▶ **Your task**
Begin your copy at the line with "Встать в центр" in the records below and end it at the line with "Valise rigide david", restating each line word for word; omit the pictures.

▶ **Data for review**
=======
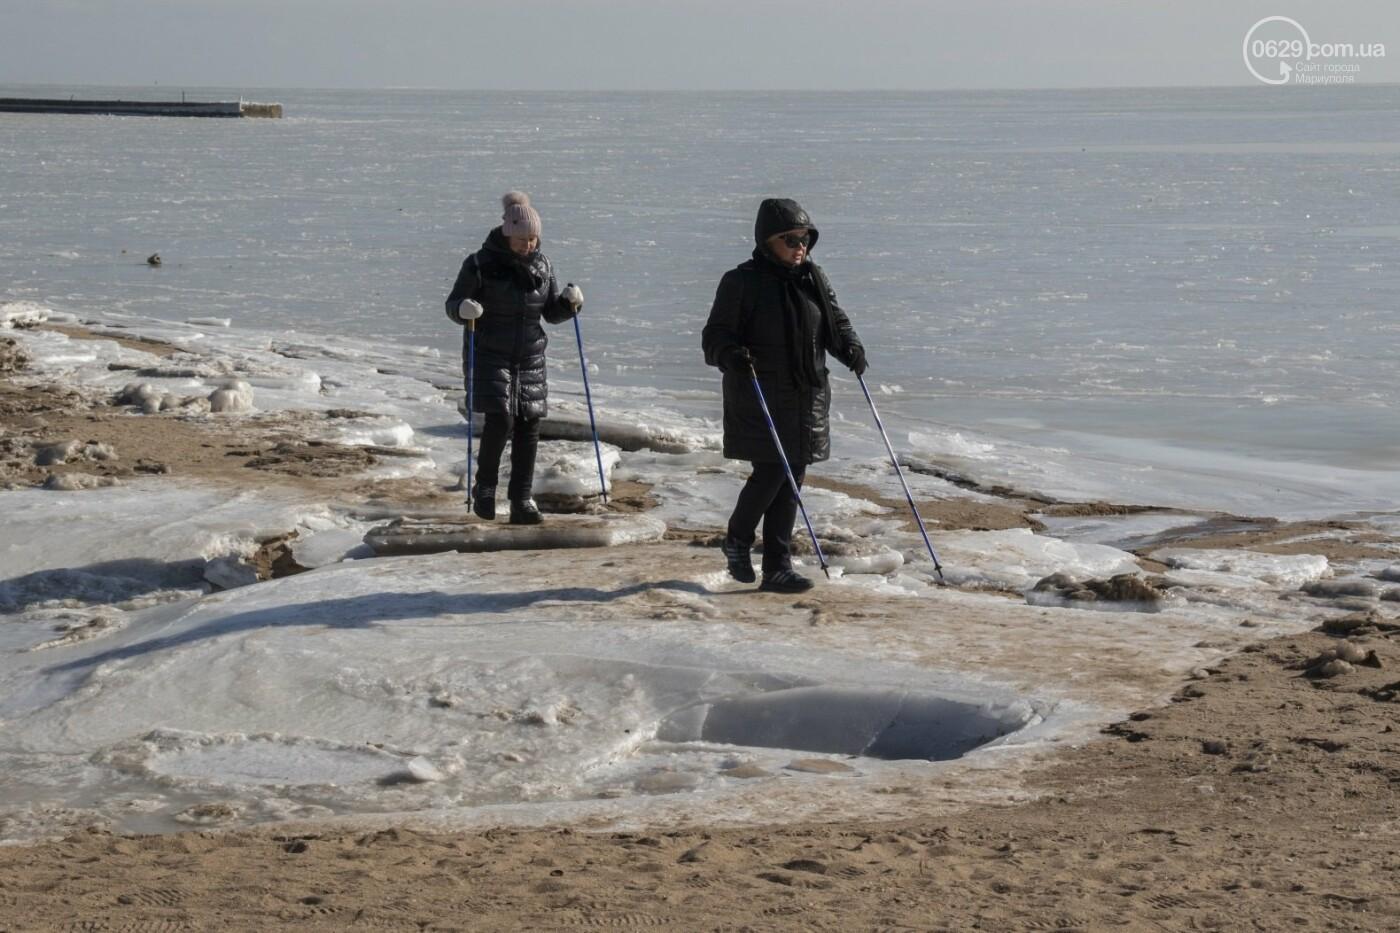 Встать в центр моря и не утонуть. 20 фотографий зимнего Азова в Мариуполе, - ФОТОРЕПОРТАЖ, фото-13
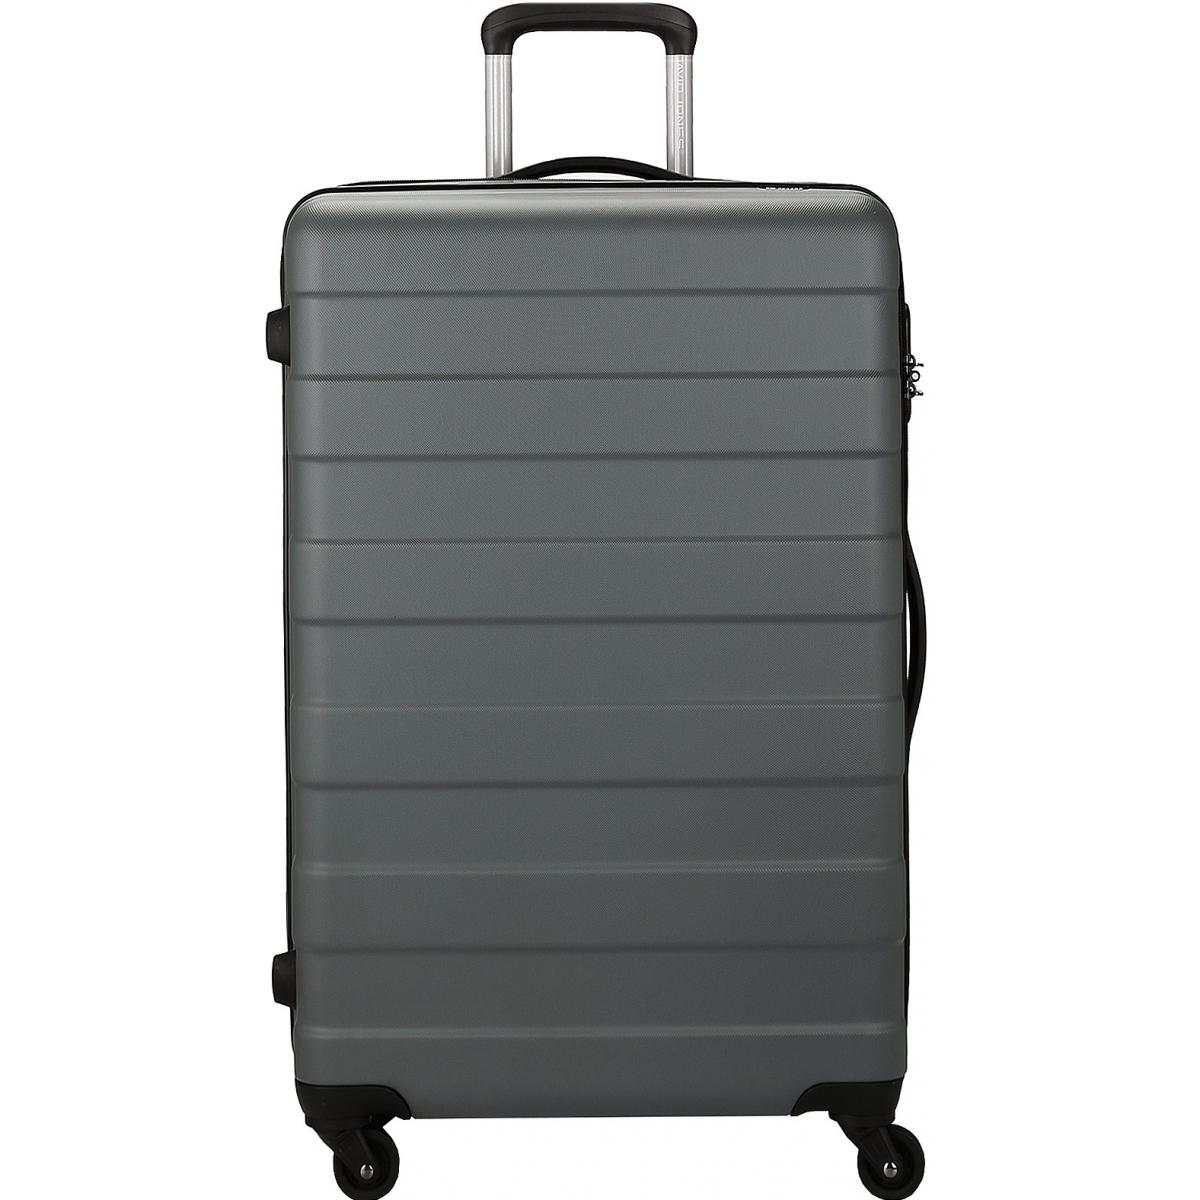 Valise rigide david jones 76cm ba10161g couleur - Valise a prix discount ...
=======
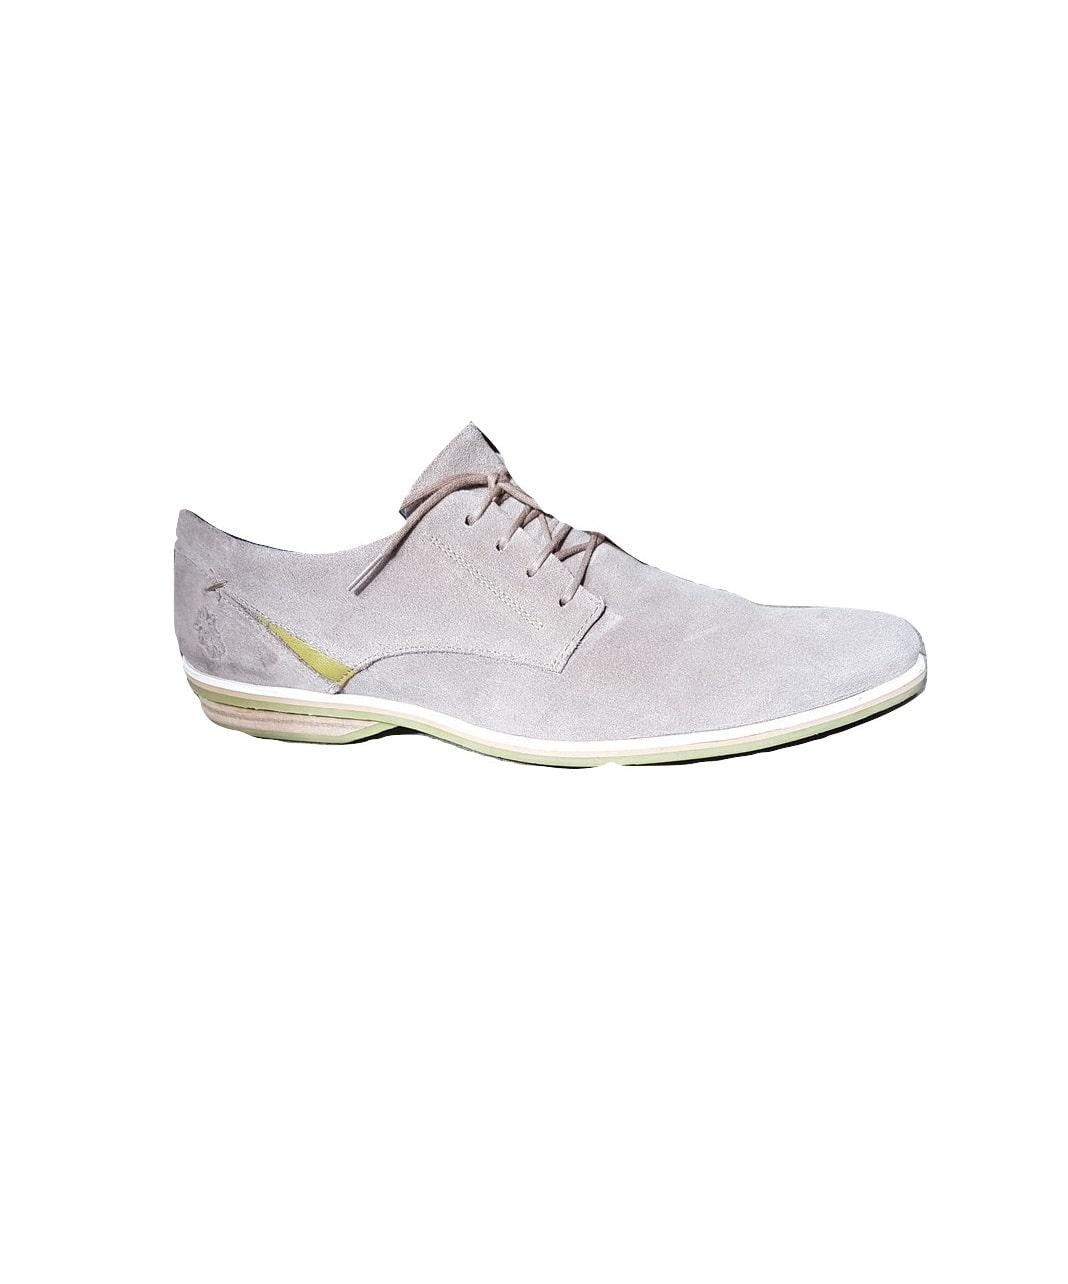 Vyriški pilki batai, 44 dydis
=======
▶ **Solution**
 Встать в центр моря и не утонуть. 20 фотографий зимнего Азова в Мариуполе, - ФОТОРЕПОРТАЖ, фото-13
 Valise rigide david jones 76cm ba10161g couleur - Valise a prix discount ...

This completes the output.